Светлые волосы падали на белую шею, приоткрытую скромным воротником платья, поблескивали нейлоновые чулки на стройных ногах. Мишель вдохнул аромат ландыша:
– Осенний сезон в зале Карнеги, – раздался голос диктора, – в эфире Нью-Йоркский симфонический оркестр под управлением маэстро Бернстайна. Солист Генрик Авербах. Второй концерт Рахманинова… – музыка заполнила комнату, Мишель вспомнил:
– Генрик и Адель гастролируют в Америке, они только на Рождество вернутся в Лондон. До войны я ставил Момо запись концерта. Она тогда в первый раз услышала Рахманинова. Она заплакала, я испугался, а она объяснила, что плачет в благоговении… – он увидел крупные слезы на щеках Лады. Девушка помотала головой:
– Простите, месье де Лу, то есть месье Мишель. Я подумала, что больше никогда не услышу музыку, то есть не так, как в России. Я никогда не прочту русские стихи… – он взял со стола растрепанное, в бумажной обложке, издание Пастернака:
– Почитайте мне, пожалуйста… – попросил Мишель, – я разбираю русский язык от кузена, с партизанских времен… – заходящее над Груневальдом солнце золотило ее волосы, в воздухе плясали пылинки, она легко дышала:
– Не надо, месье Мишель, не надо книги. Я все помню наизусть… – он прикрыл веки:
– Какой у нее голос красивый, как у птицы. Это о ней стихи, о Ладе…:
– И прядью белокурой
Озарены: лицо,
Косынка, и фигура,
И это пальтецо.
Снег на ресницах влажен,
В твоих глазах тоска,
И весь твой облик слажен
Из одного куска….
Протянув руку, не открывая глаз, она поискала что-то. Их ладони встретились, пальцы переплелись. Мишель ловил частые удары ее сердца на тонком запястье:
Как будто бы железом,
Обмокнутым в сурьму,
Тебя вели нарезом
По сердцу моему….
Обняв Ладу, привлекая ее к себе, он шепнул:
– Так и есть. Все правда, Лада. Я люблю тебя, еще с весны… – целуя мокрые щеки, он ощутил вкус ее слез:
– Ты больше никогда не заплачешь, – Мишель зарылся лицом в ее белокурые волосы, – обещаю, любовь моя.
Мать рассказывала Генриху, как пряталась с ним, малышом, и покойной тетей Эммой в глубине берлинских огородов:
– Начальница тети Эммы по канцелярии Гиммлера, фрау Лотта, спасла их, вывела после взрыва из церкви, где должно было состояться благословение брака. Только фрау Лотту потом все равно арестовали и казнили…

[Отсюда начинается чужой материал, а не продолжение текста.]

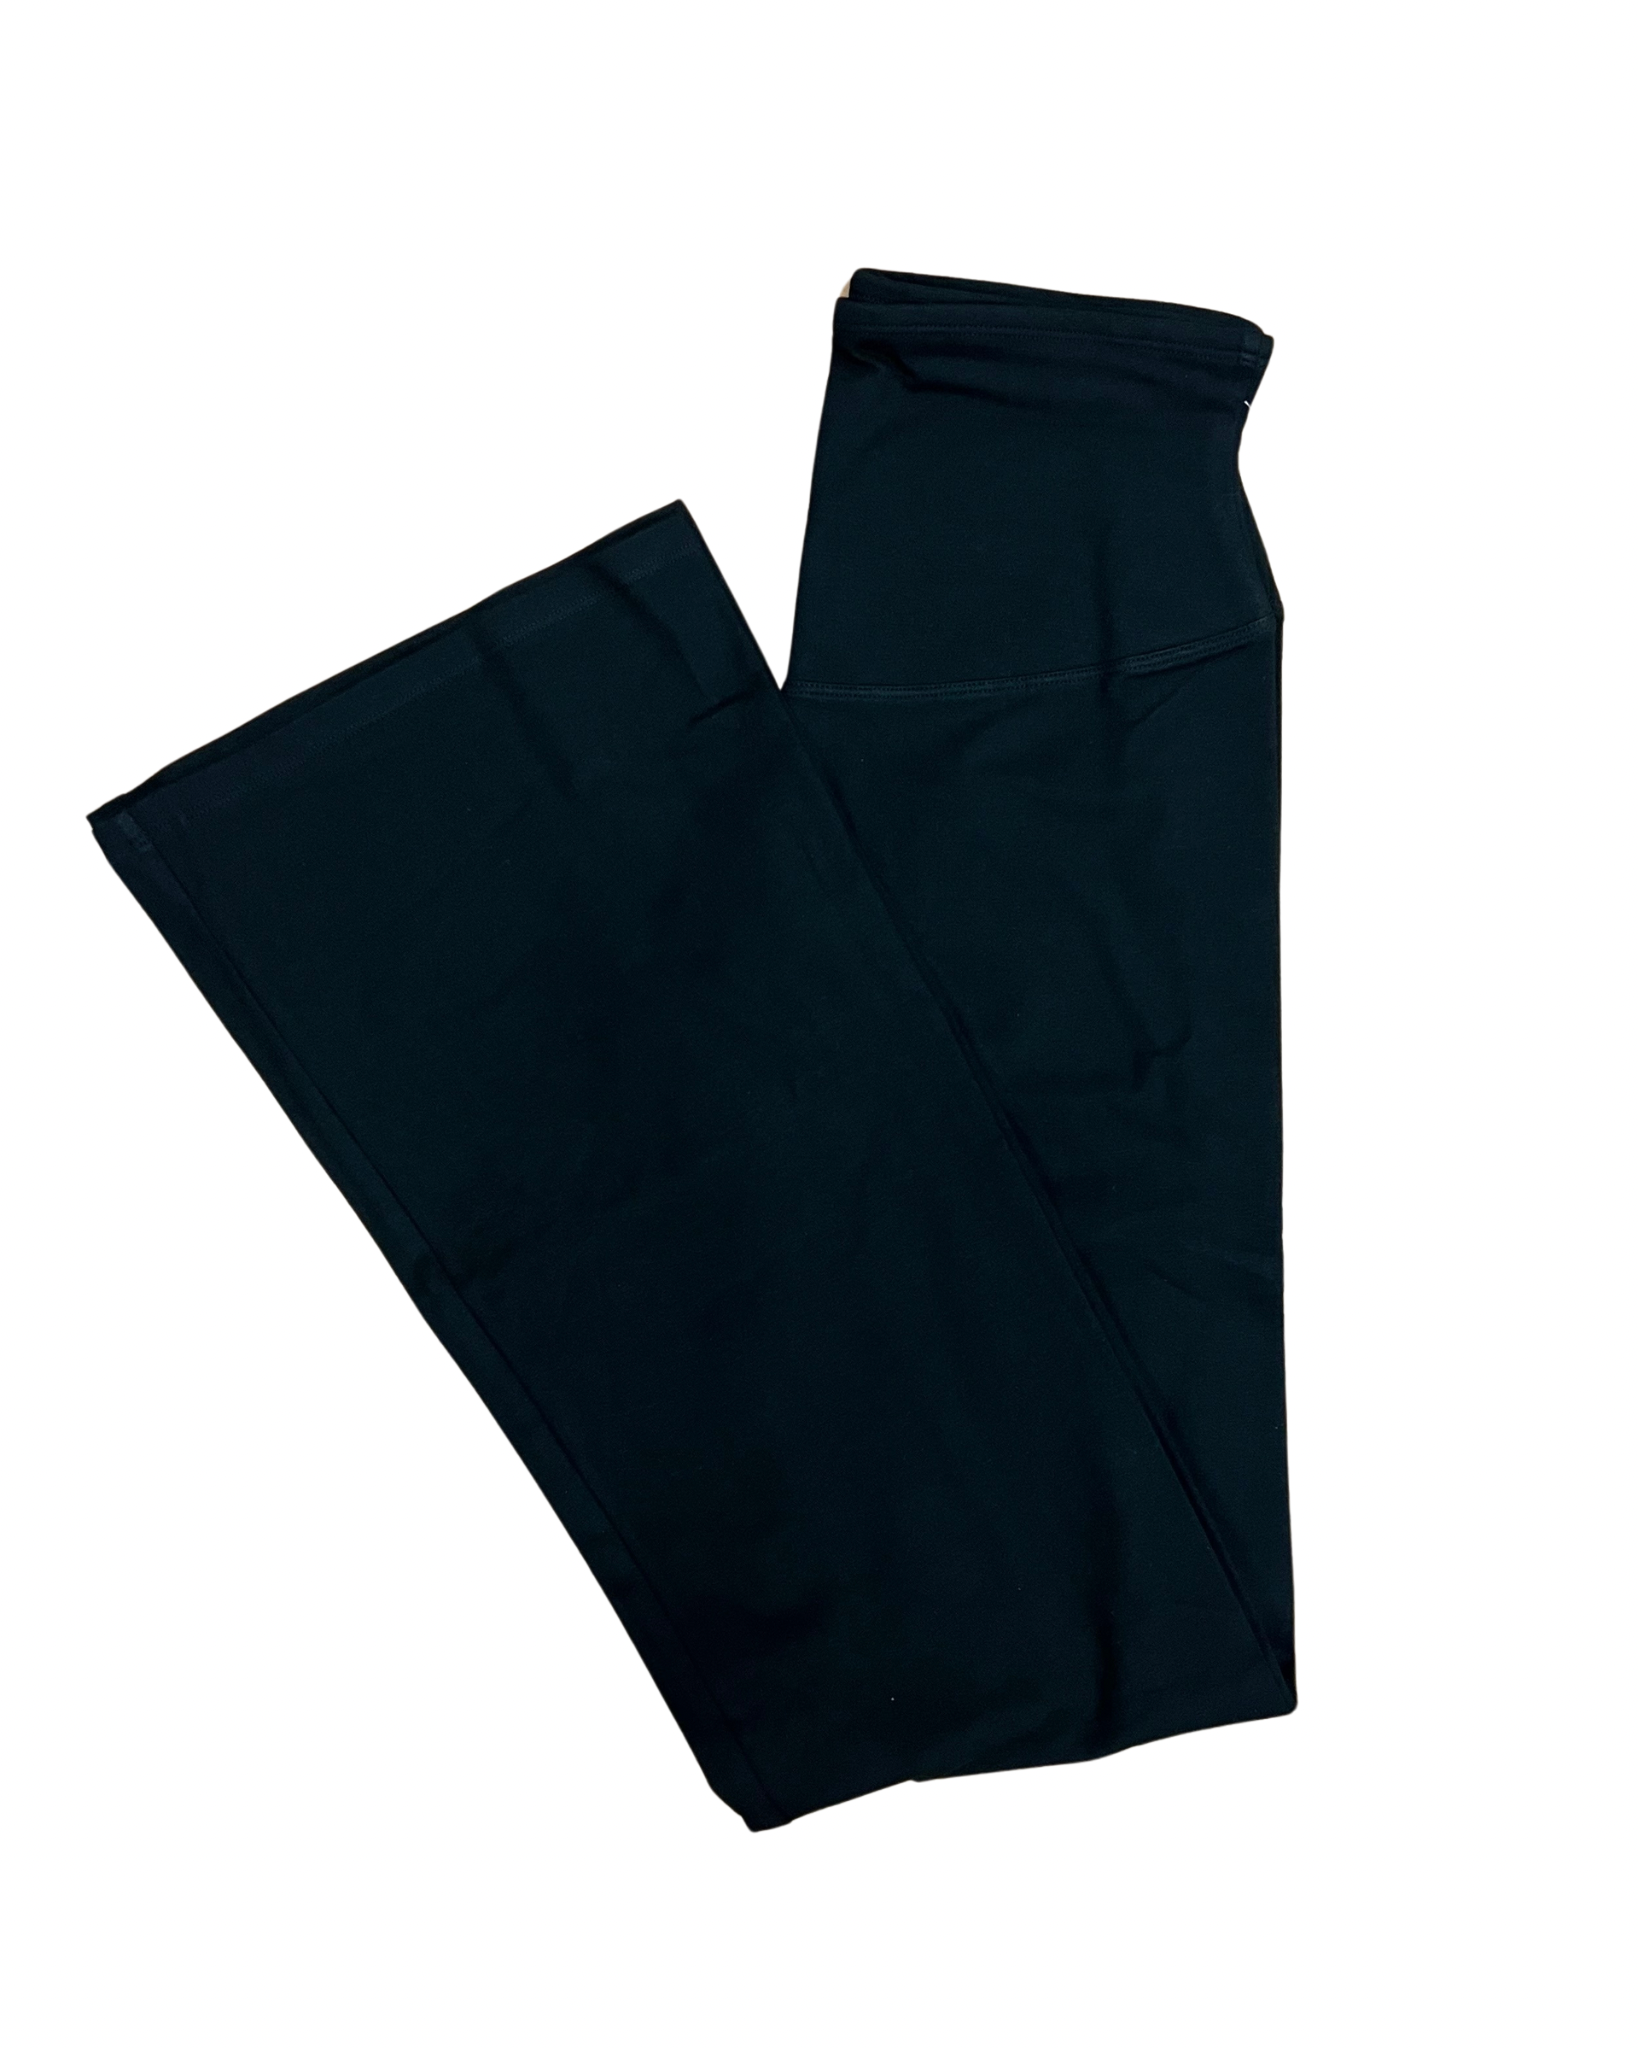 Yummie Susie Cotton Flare Shaping Leggings in Black
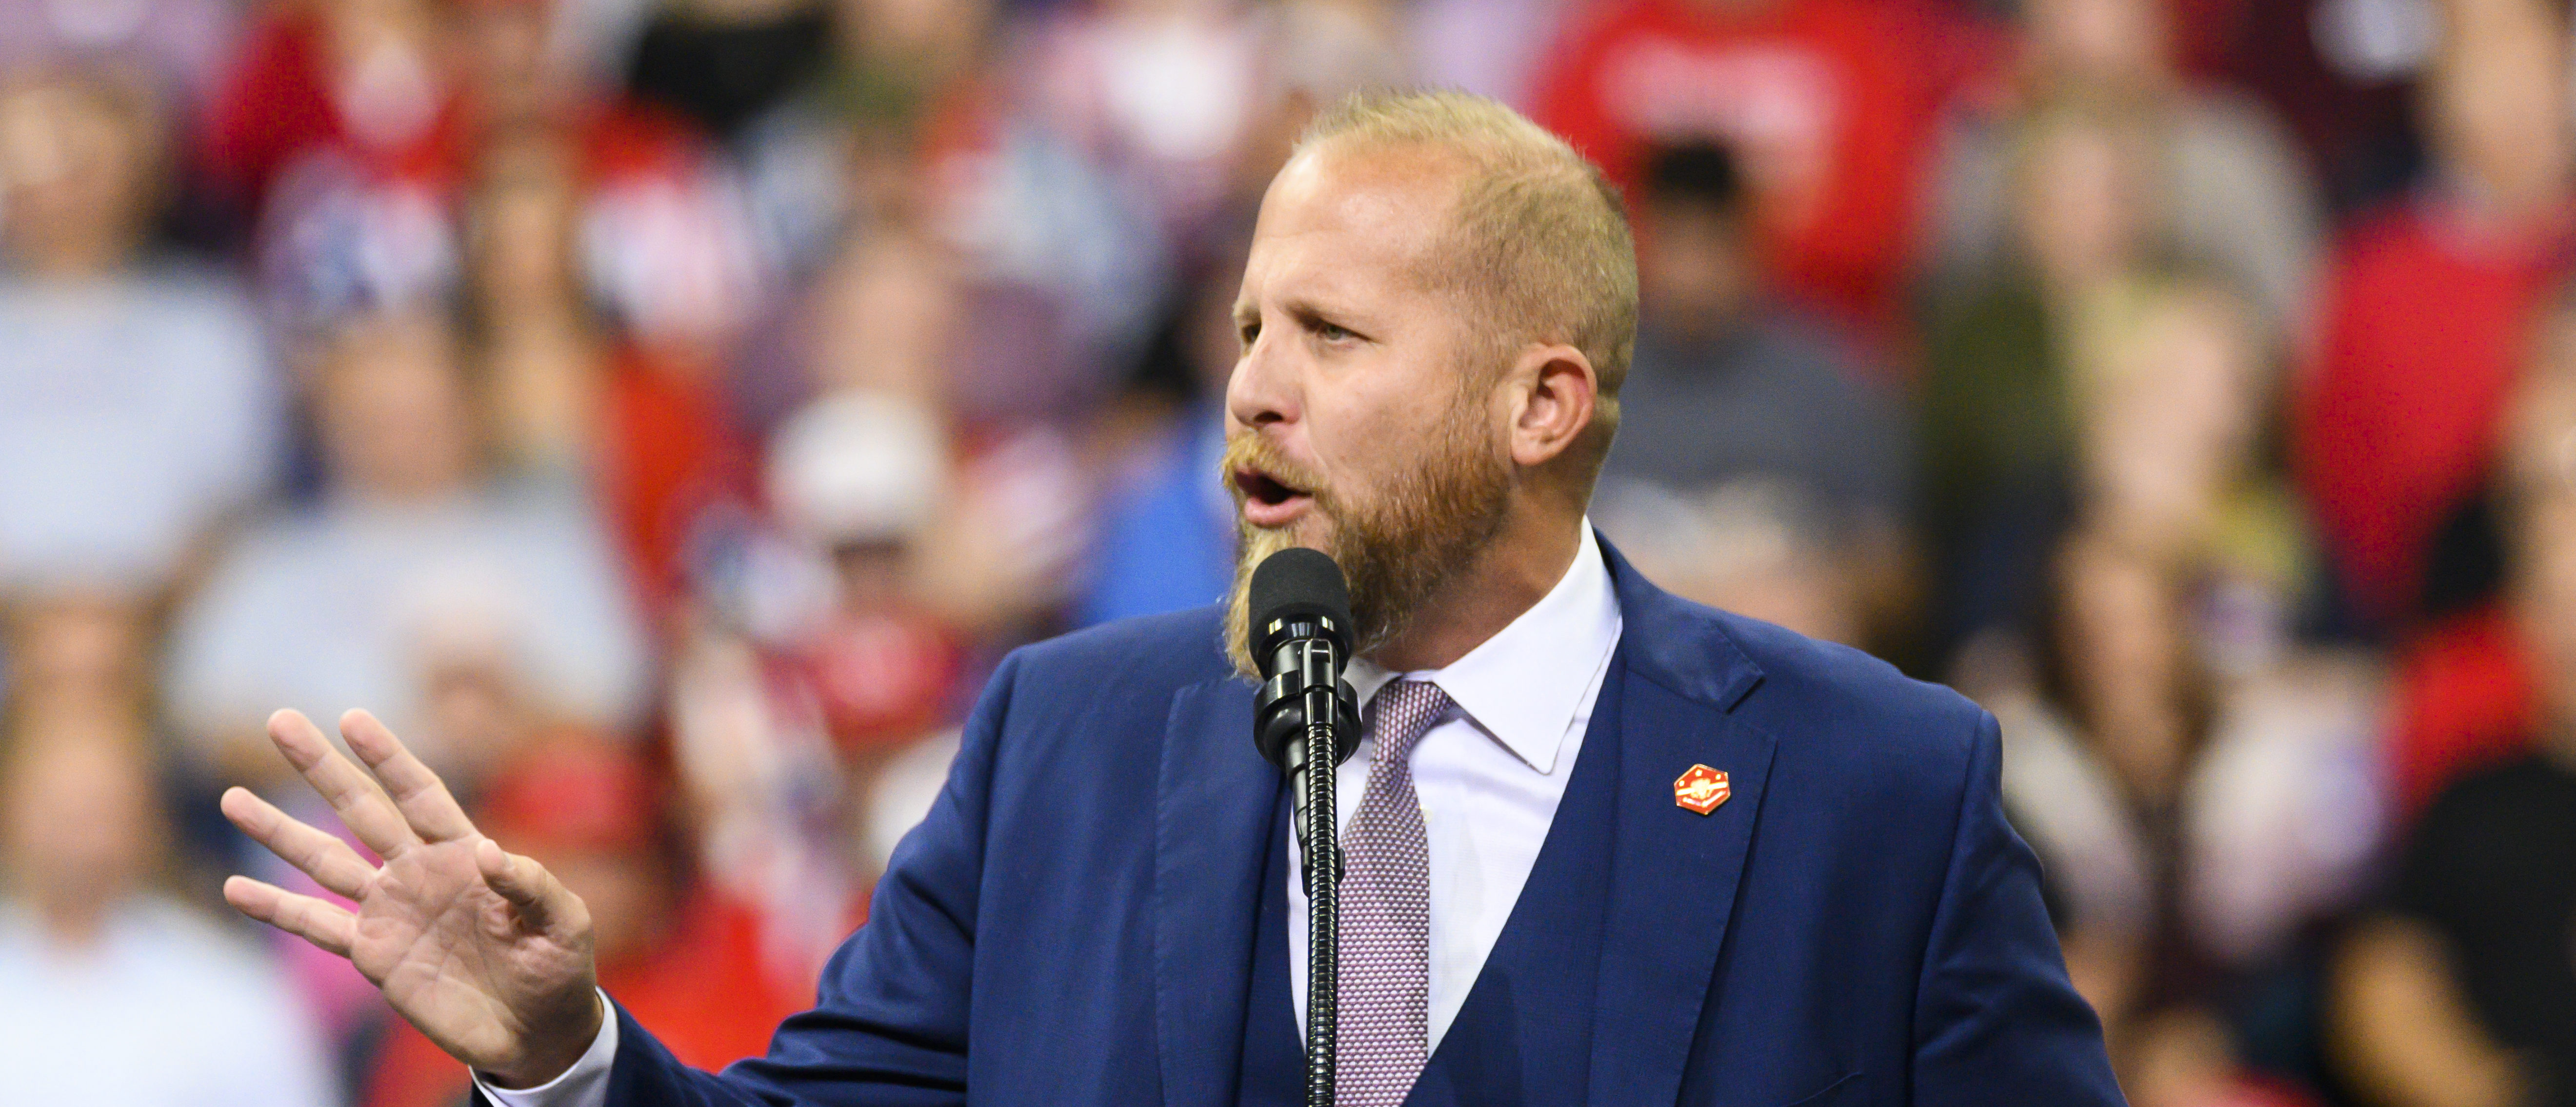 MINNEAPOLIS, MN - OCTOBER 10: Brad Parscale, campaign manager for U.S. President Donald Trump, speaks before a rally at the target center on October 10, 2019 in Minneapolis, Minnesota. The rally follows a week of a contentious back and forth between Minneapolis Mayor Jacob Frey and President Trump. (Photo by Stephen Maturen/Getty Images)

Генрих остановился на углу окраинной улочки в захолустной части Фридрихсхайна. Чтобы добраться сюда ему пришлось миновать краснокирпичные здания собственного места работы, фабрики электрического оборудования, проехаться на дребезжащем трамвае до кольца и четверть часа тащиться пешком. В открытке, пришедшей на адрес общежития, старомодный, изысканный почерк сообщал только название улицы и номер дома. Она не подписалась, но Генрих и не ожидал увидеть ее имя:
– Она прошла Равенсбрюк и будет очень осторожна. Вообще с получки надо купить велосипед… – он огляделся, – отмахивать такие концы пешком, еще и зимой, будет тяжеловато. Она пожилая женщина, ей идет седьмой десяток, как она справляется? В округе нет ни одного магазина, а воду здесь носят из колонки…
Похлопав себя по карманам куртки, он закурил. Папиросы, крепкие «Каро» без фильтра, Генрих купил в последней по дороге мелочной лавке у трамвайного кольца. Ему пришло в голову, что велосипед надо найти подержанный:
– В вестибюле общежития вывешиваются объявления о торговле с рук… – продавали всякую мелочевку, вроде футбольных мячей, утюгов и бритв, – есть черный рынок на Александерплац, но мне надо быть осторожным. Велосипед не сигареты с презервативами. Вряд ли восточный товар сильно отличается от западного…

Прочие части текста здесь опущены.